Dessa forma, a máquina tenta reunir duas características normalmente encontradas em equipamentos diferentes: a mobilidade de um robô com pernas e a eficiência de um veículo sobre rodas.

Para transportar frutas, existe ainda outro desafio. O movimento precisa ser relativamente estável para evitar quedas ou danos às uvas.

Robôs menores ganham espaço no campo

Cão-robô transporta caixa de uvas em vinhedo de Turpan, na China
Foto: Deep Robotics

A experiência chinesa mostra uma frente diferente da mecanização agrícola.

Durante décadas, boa parte da inovação no campo esteve associada a tratores, colheitadeiras e pulverizadores cada vez maiores. Agora, porém, começam a surgir máquinas menores e capazes de executar tarefas específicas.

Robôs quadrúpedes podem entrar justamente onde equipamentos convencionais encontram limitações.

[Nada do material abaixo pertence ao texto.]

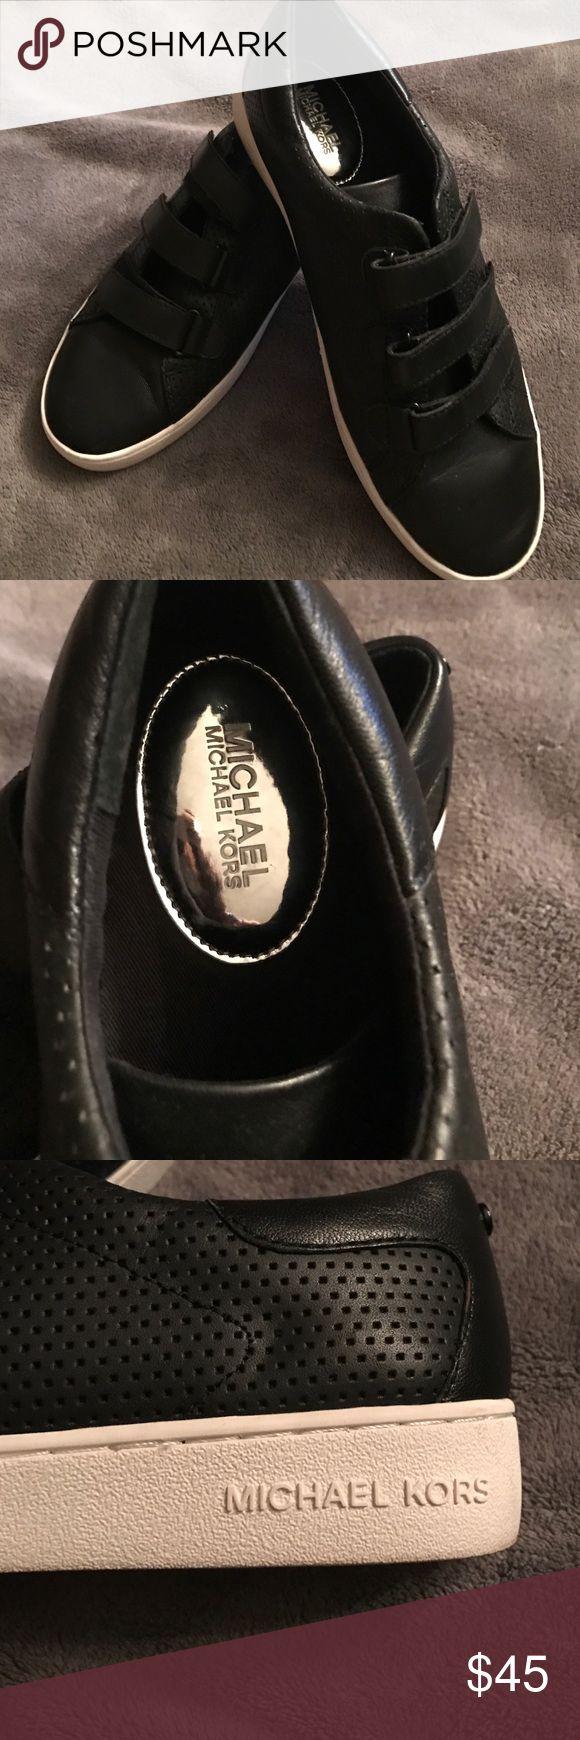 and white velcro michael kors tennis shoes michael kors shoes sneakers. Black Bedroom Furniture Sets. Home Design Ideas

Além do transporte da produção, a DEEP Robotics aponta possibilidades como movimentação de materiais de irrigação e coleta de dados da lavoura.

Plantação de uvas em vinhedo de Turpan, na China
Foto: Deep Robotics

Ainda assim, o projeto de Turpan não significa que os trabalhadores deixaram de participar da colheita. São eles que continuam selecionando e retirando os cachos das plantas.

A mudança acontece depois.

Quando a caixa fica cheia, parte do trabalho pesado deixa as costas do trabalhador e passa para as quatro patas do robô.